How to convert Base64 string to pdf file using prawn gem - ruby-on-rails

I want to generate pdf file from DB record. Encode it to Base64 string and store it to DB. Which works fine. Now I want reverse action, How can I decode Base64 string and generate pdf file again?
here is what I tried so far.
def data_pdf_base64
begin
# Create Prawn Object
my_pdf = Prawn::Document.new
# write text to pdf
my_pdf.text("Hello Gagan, How are you?")
# Save at tmp folder as pdf file
my_pdf.render_file("#{Rails.root}/tmp/pdf/gagan.pdf")

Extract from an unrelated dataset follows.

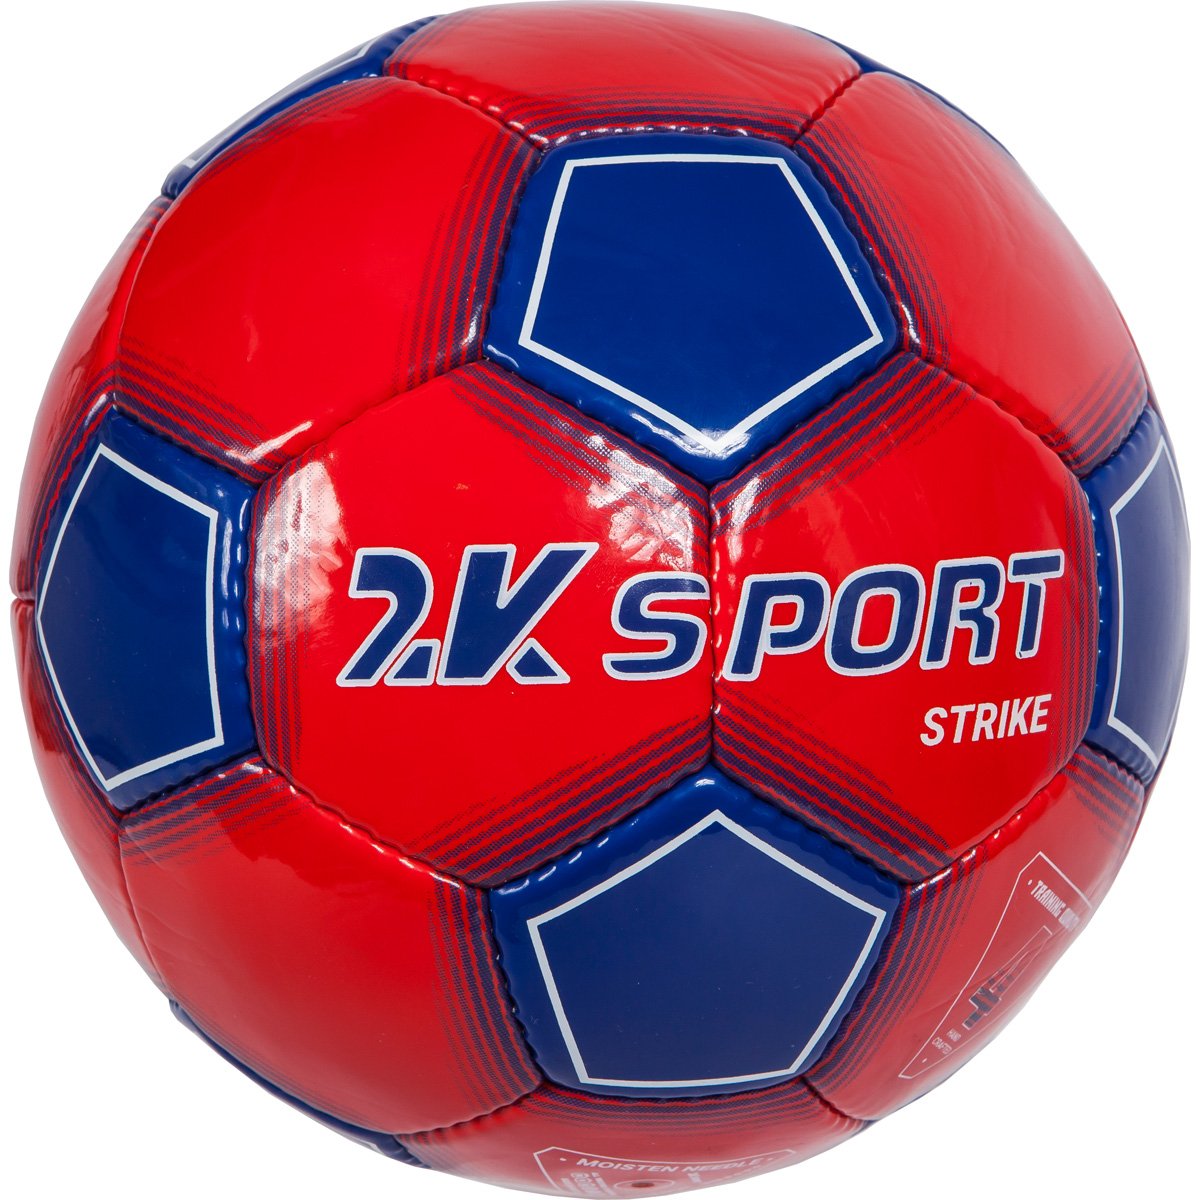 Мяч футбольный 2k Sport

# Read pdf file and encode to Base64
encoded_string = Base64.encode64(File.open("#{Rails.root}/tmp/pdf/gagan.pdf"){|i| i.read})

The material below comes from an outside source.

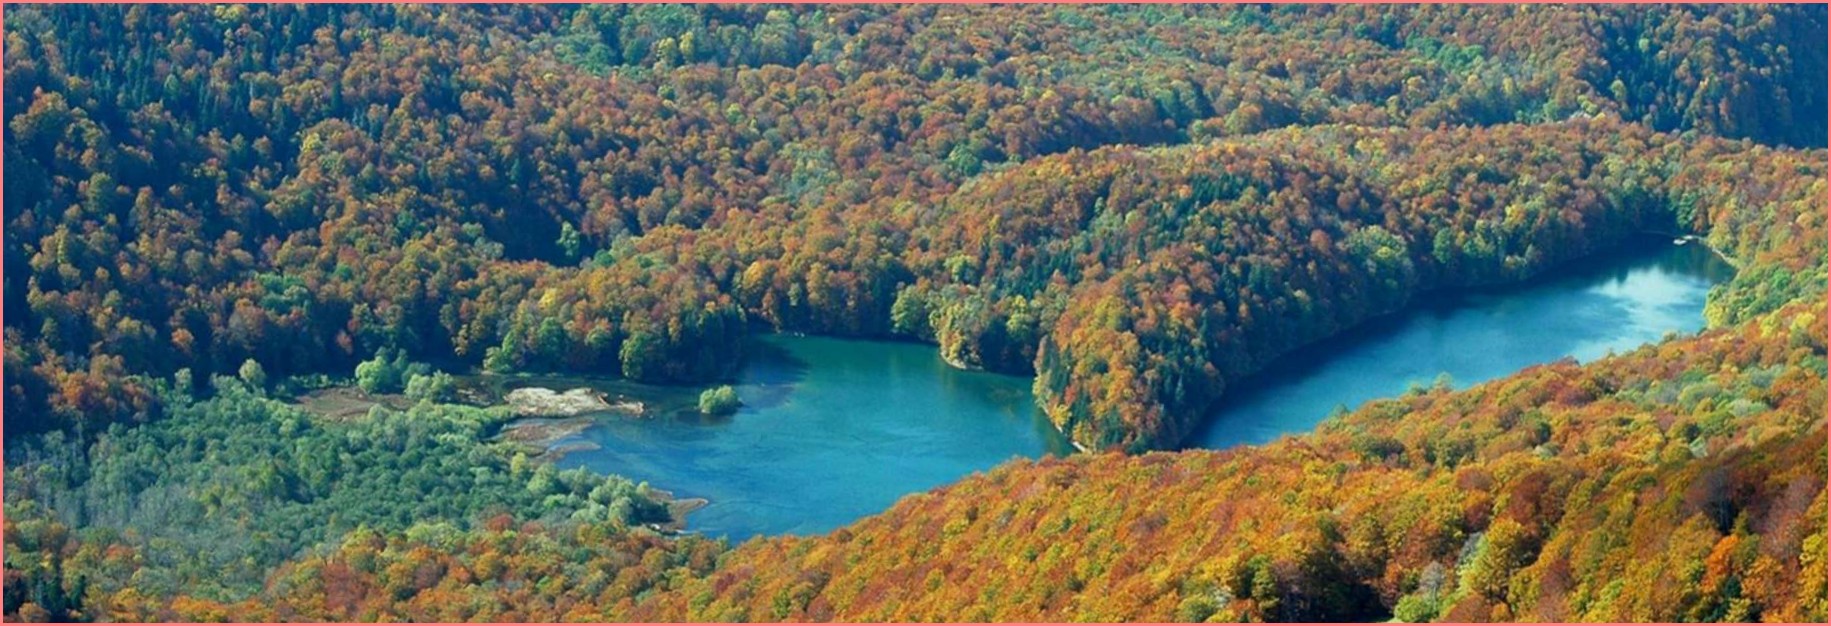 Национальный парк 'Биоградска гора' большое из которых - Биоградское

# Delete generated pdf file from tmp folder
File.delete("#{Rails.root}/tmp/pdf/gagan.pdf") if File.exist?("#{Rails.root}/tmp/pdf/gagan.pdf")

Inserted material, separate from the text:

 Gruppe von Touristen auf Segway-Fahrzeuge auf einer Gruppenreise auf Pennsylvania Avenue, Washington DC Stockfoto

# Now converting Base64 to pdf again
pdf = Prawn::Document.new
# I have used ttf font because it was giving me below error
# Your document includes text that's not compatible with the Windows-1252 character set. If you need full UTF-8 support, use TTF fonts instead of PDF's built-in fonts.
pdf.font Rails.root.join("app/assets/fonts/fontawesome-webfont.ttf")
pdf.text Base64.decode64 encoded_string
pdf.render_file("#{Rails.root}/tmp/pdf/gagan2.pdf")
rescue => e
return render :text => "Error: #{e}"
end
end
Now I am getting below error:
Encoding ASCII-8BIT can not be transparently converted to UTF-8.
Please ensure the encoding of the string you are attempting to use is
set correctly
I have tried How to convert base64 string to PNG using Prawn without saving on server in Rails but it gives me error:
"\xFF" from ASCII-8BIT to UTF-8
Can anyone point me what I am missing?

The answer is to decode the Base64 encoded string and either send it directly or save it directly to disk (naming it as a PDF file, but without using prawn).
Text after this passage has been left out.